▶ INPUT DATA:
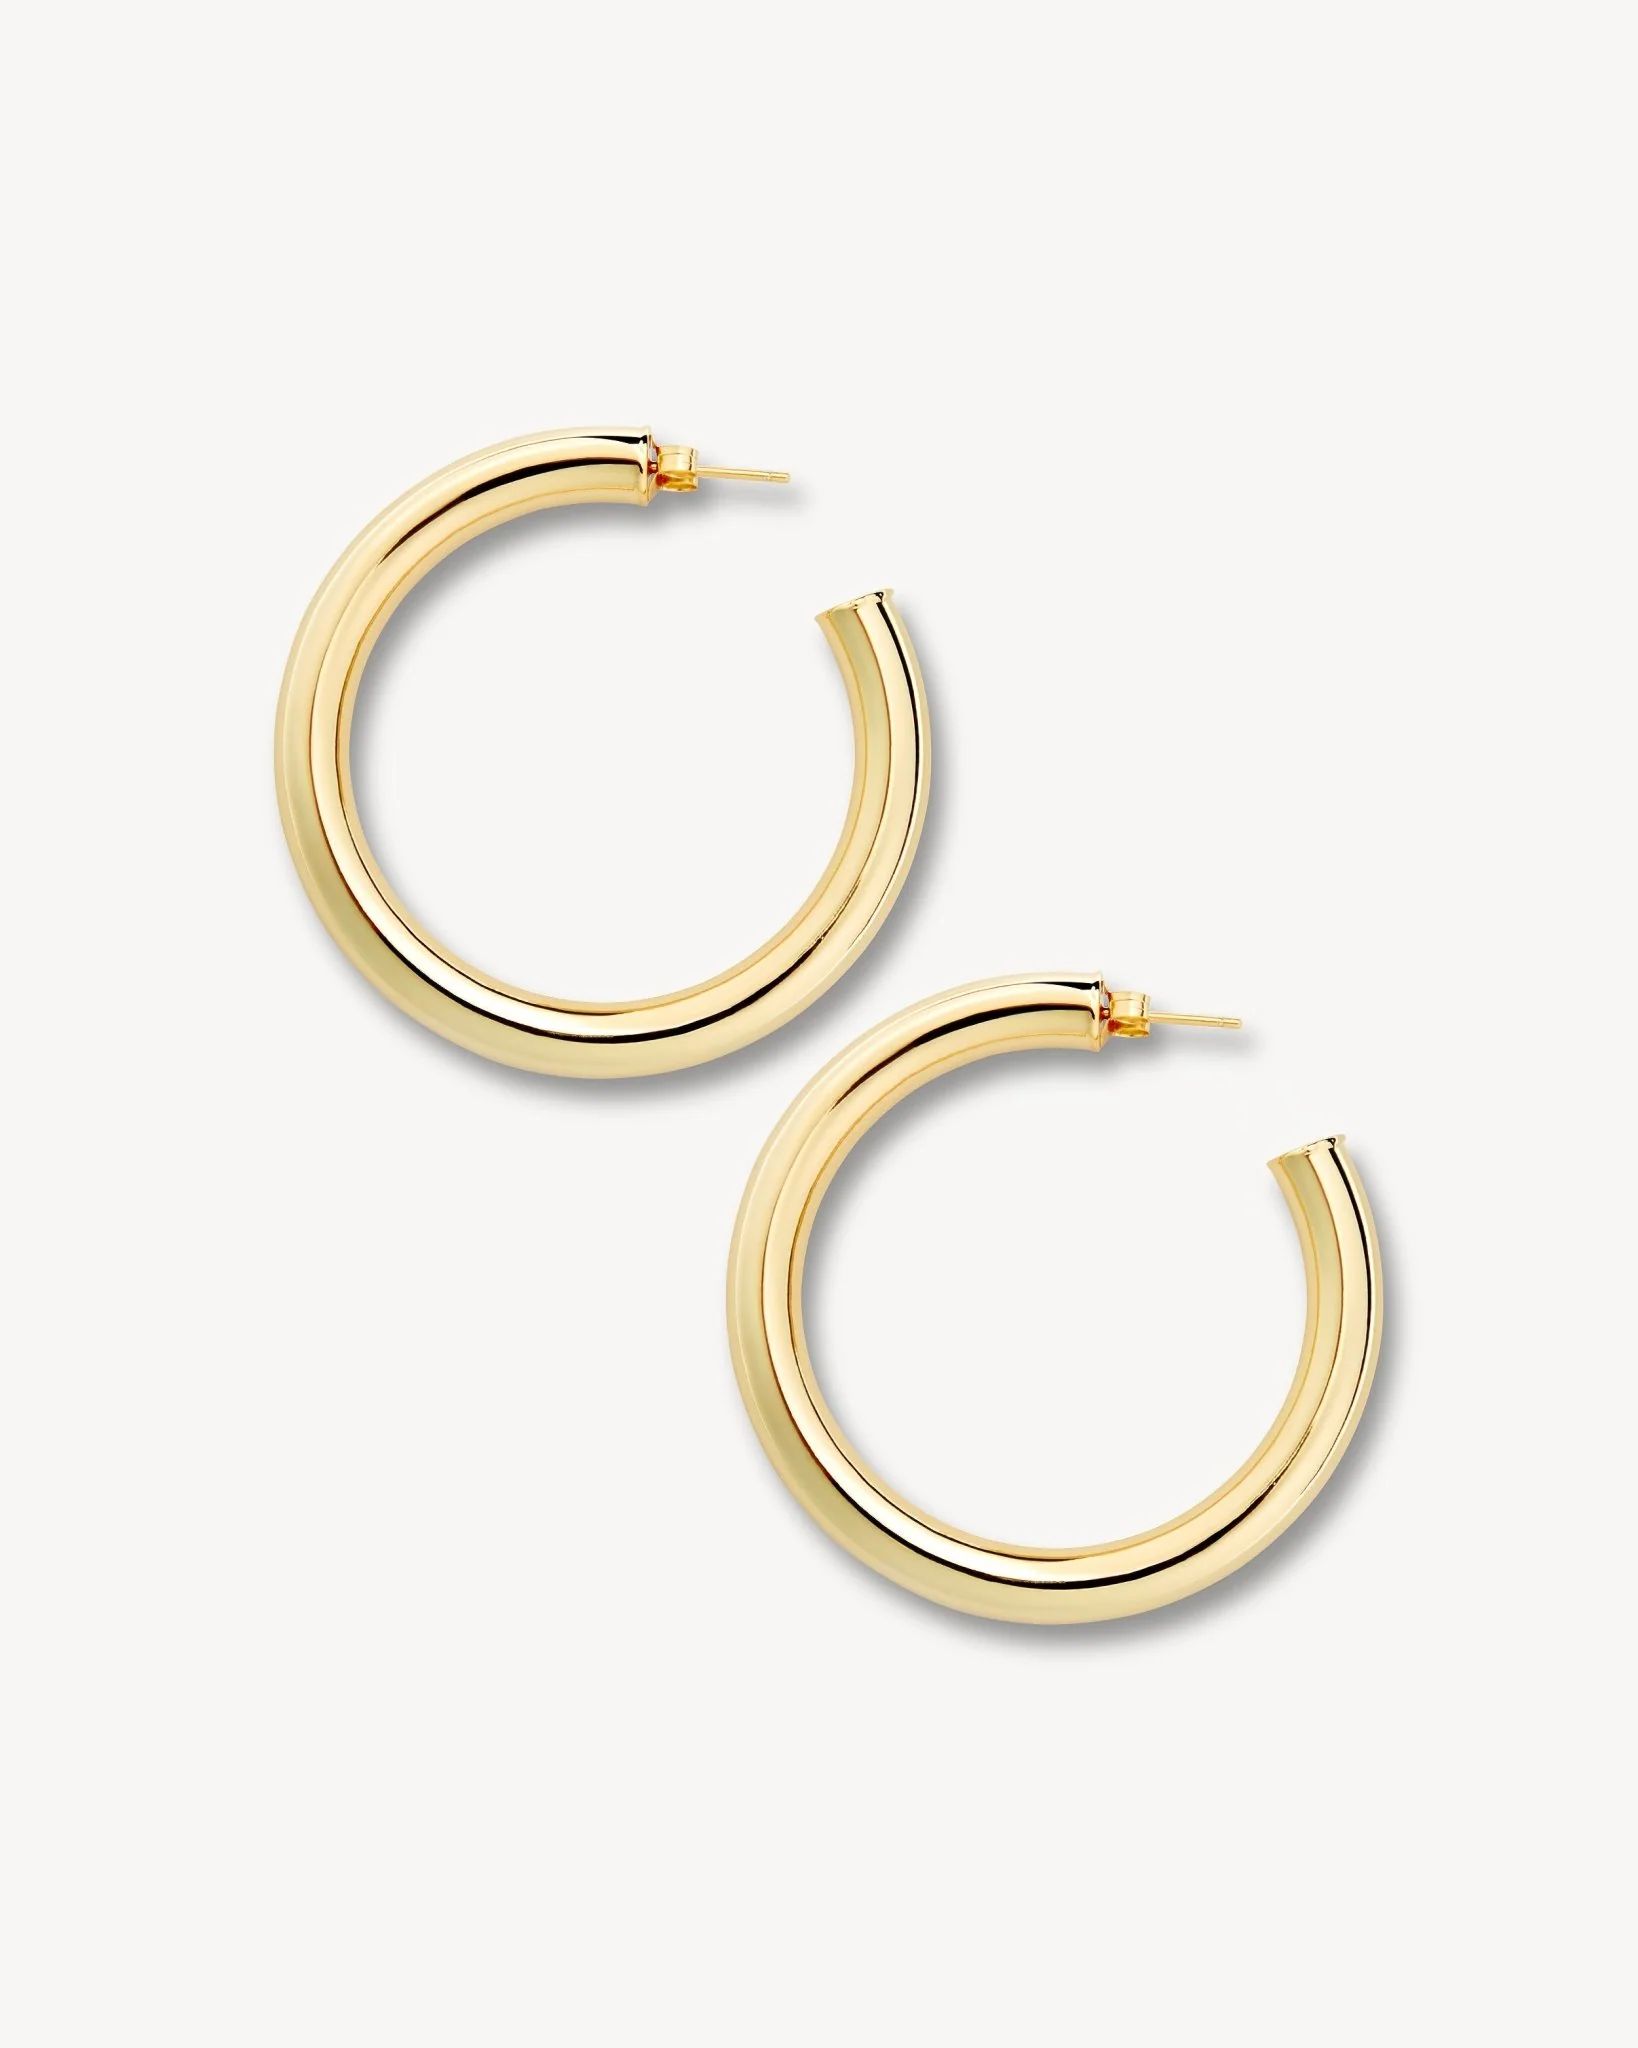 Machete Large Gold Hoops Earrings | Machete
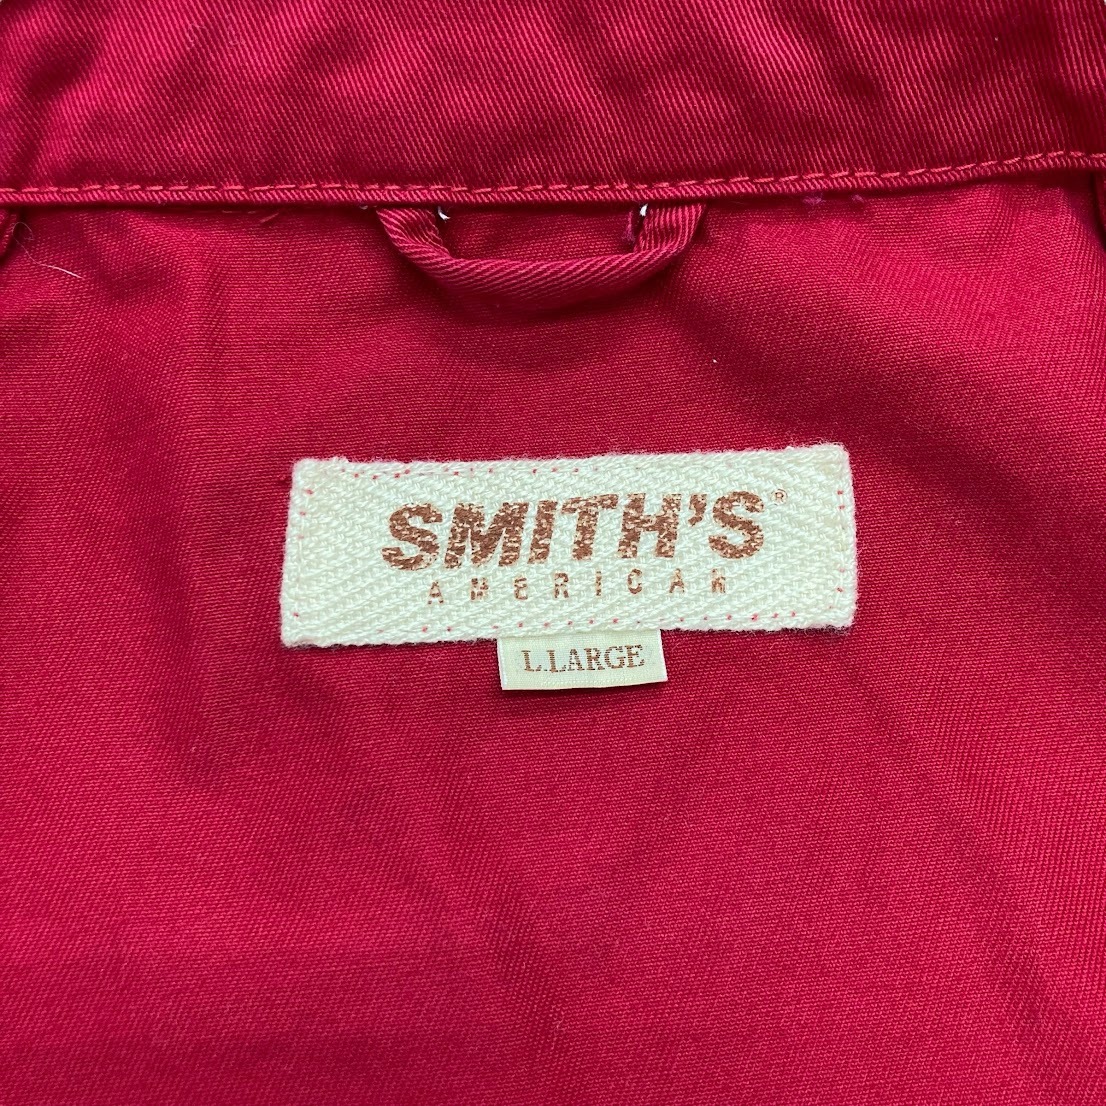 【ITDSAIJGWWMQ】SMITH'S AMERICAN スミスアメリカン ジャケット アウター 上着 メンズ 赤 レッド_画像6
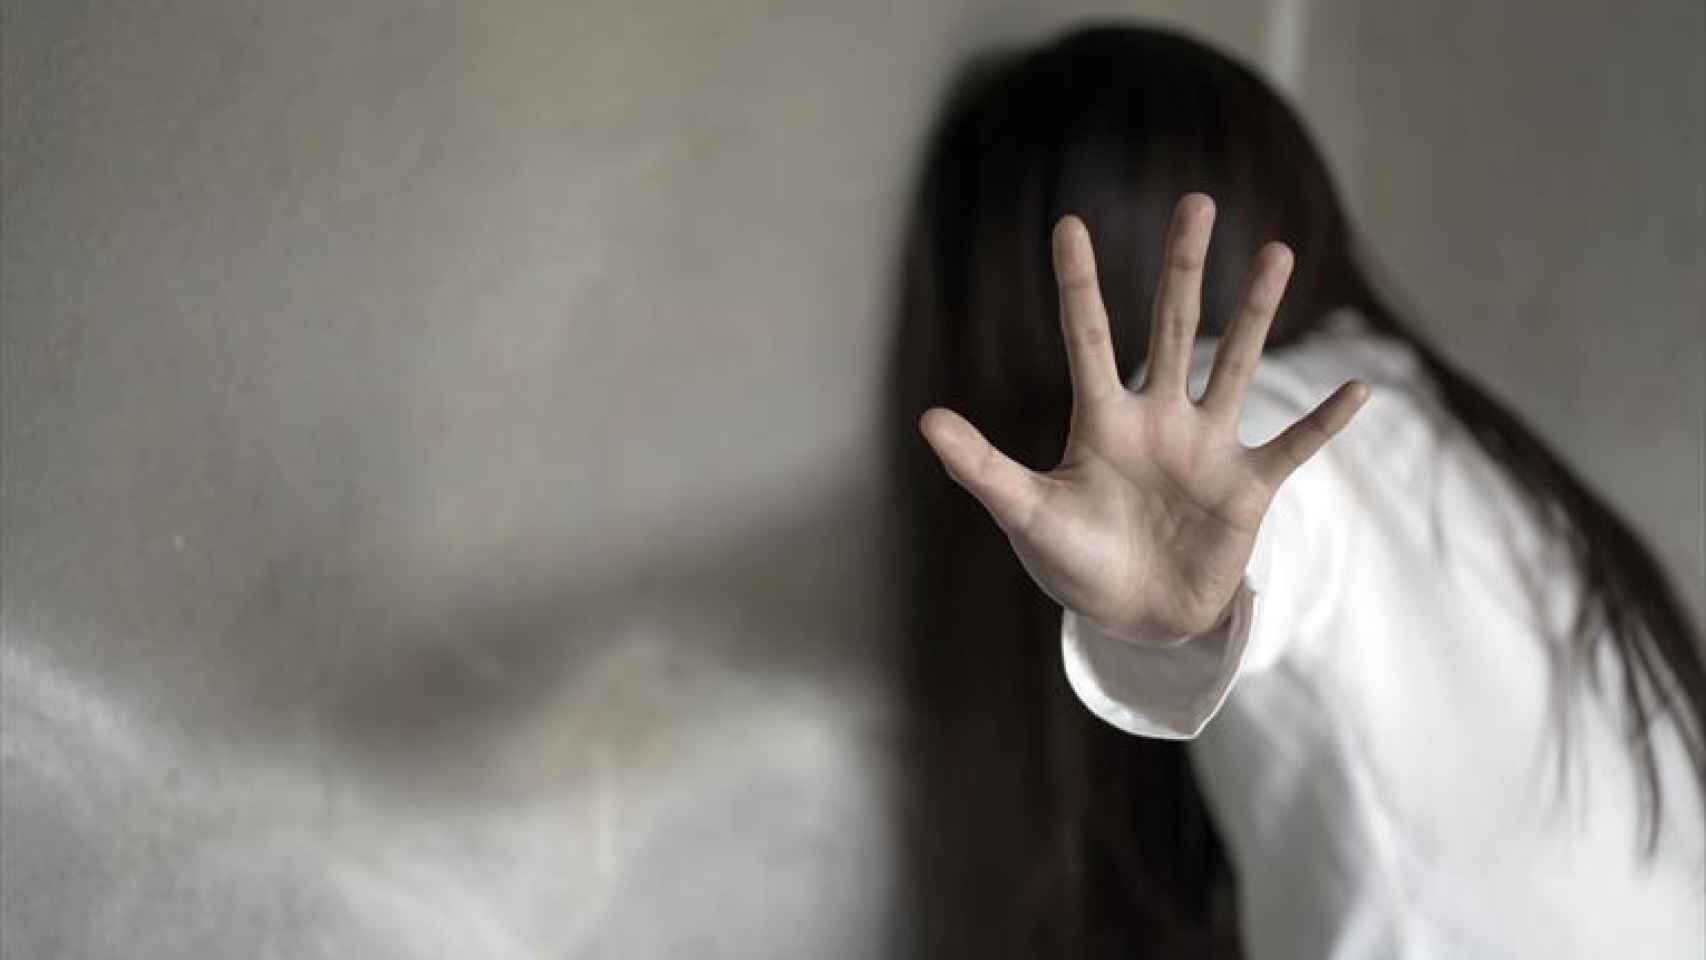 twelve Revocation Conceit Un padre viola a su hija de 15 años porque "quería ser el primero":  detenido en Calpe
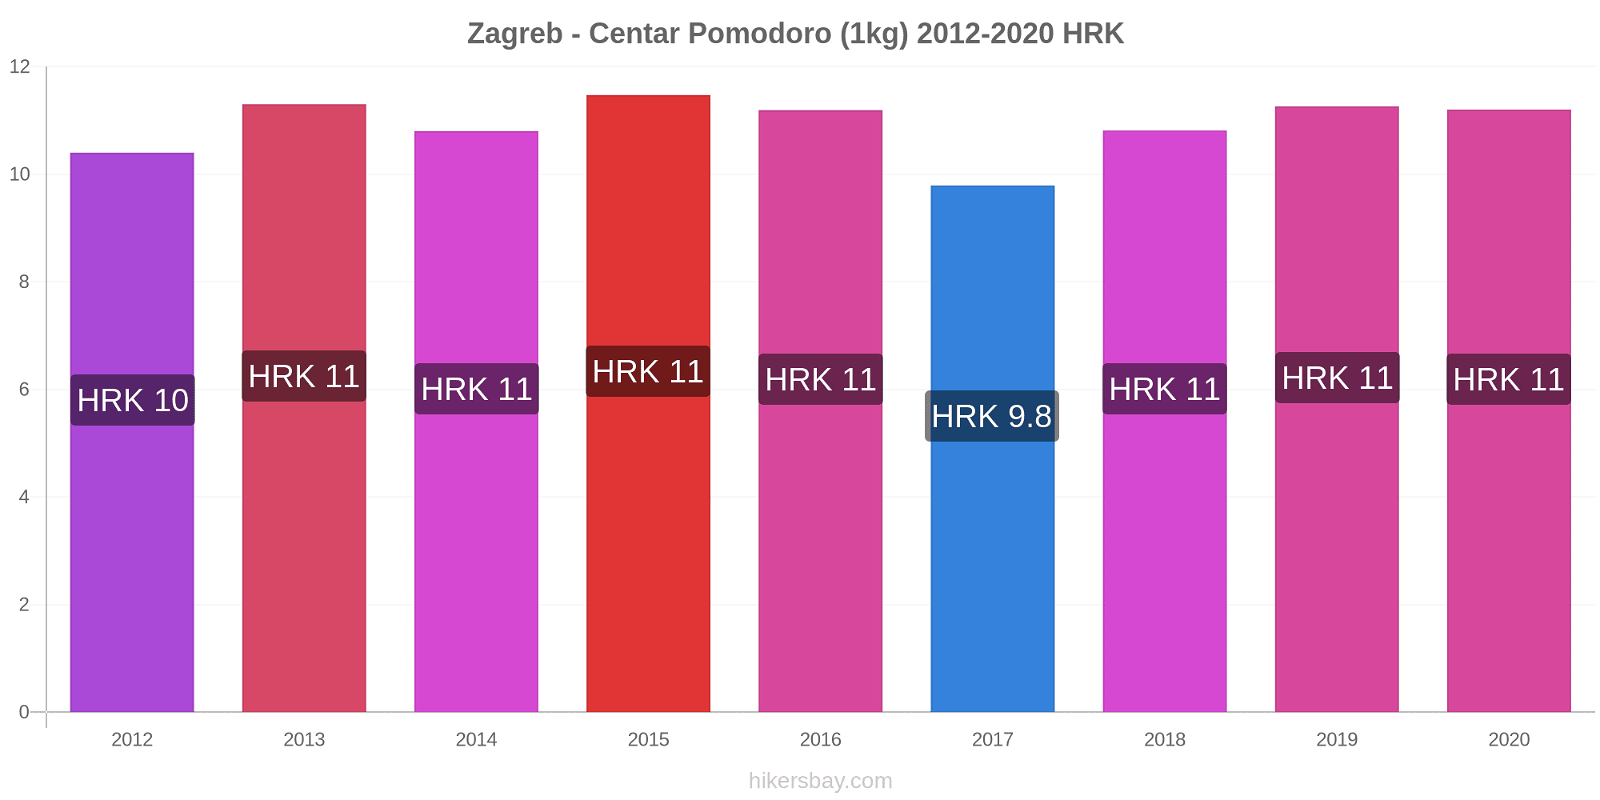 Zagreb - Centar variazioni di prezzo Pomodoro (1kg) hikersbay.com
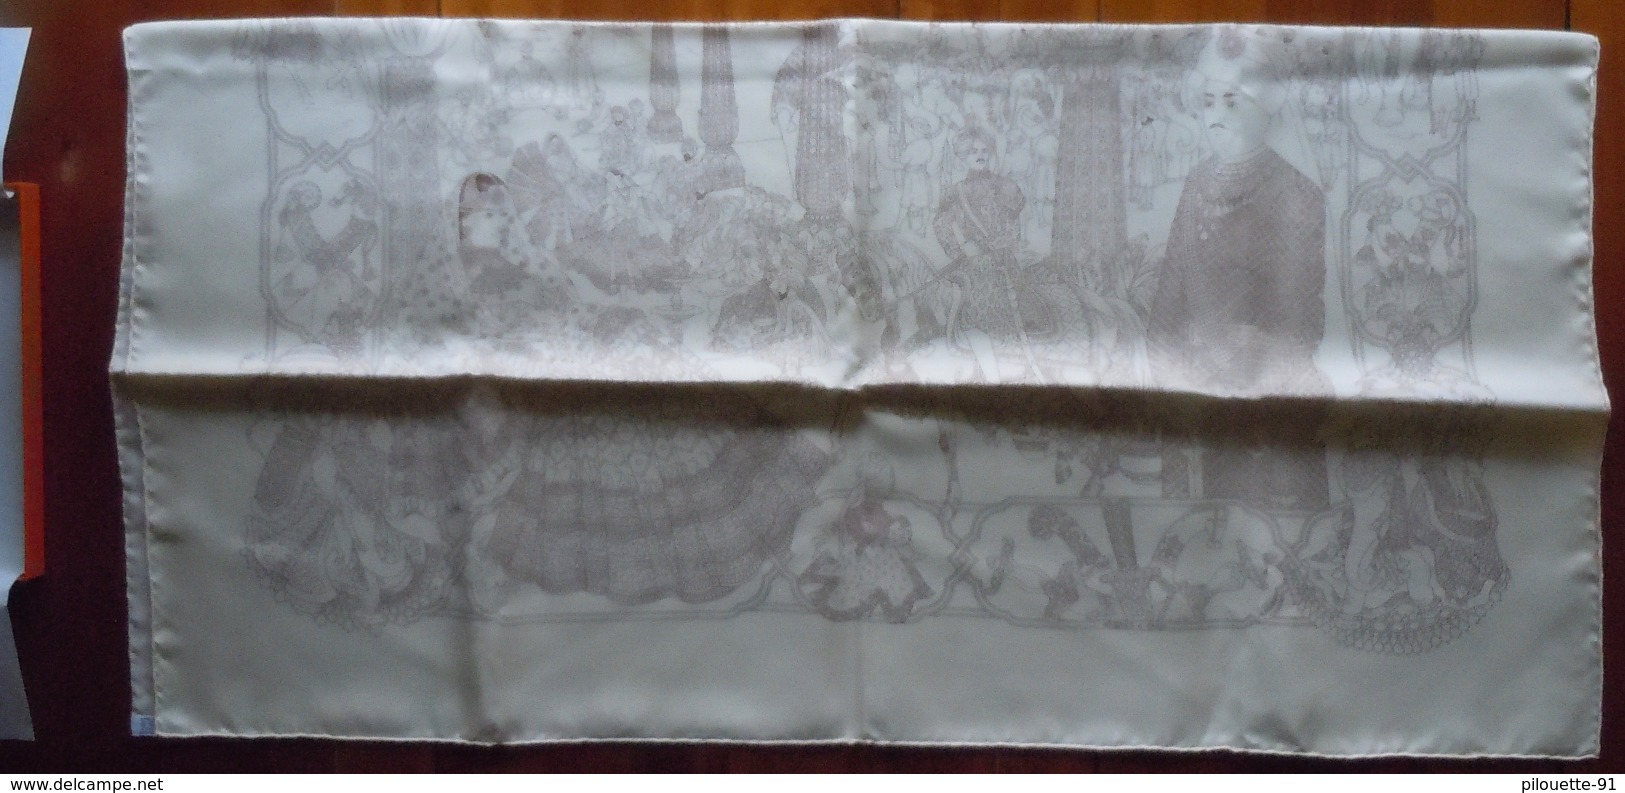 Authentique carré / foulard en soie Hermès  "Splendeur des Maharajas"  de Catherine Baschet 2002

▶ TASK STATEMENT:
Please copy out the whole listing exactly as it stands, minus the pictures.

▶ FINISHED EXERCISE:
 Machete Large Gold Hoops Earrings | Machete
 【ITDSAIJGWWMQ】SMITH'S AMERICAN スミスアメリカン ジャケット アウター 上着 メンズ 赤 レッド_画像6
 twelve Revocation Conceit Un padre viola a su hija de 15 años porque "quería ser el primero":  detenido en Calpe
 Zagreb - Centar variazioni di prezzo Pomodoro (1kg) hikersbay.com
 Authentique carré / foulard en soie Hermès  "Splendeur des Maharajas"  de Catherine Baschet 2002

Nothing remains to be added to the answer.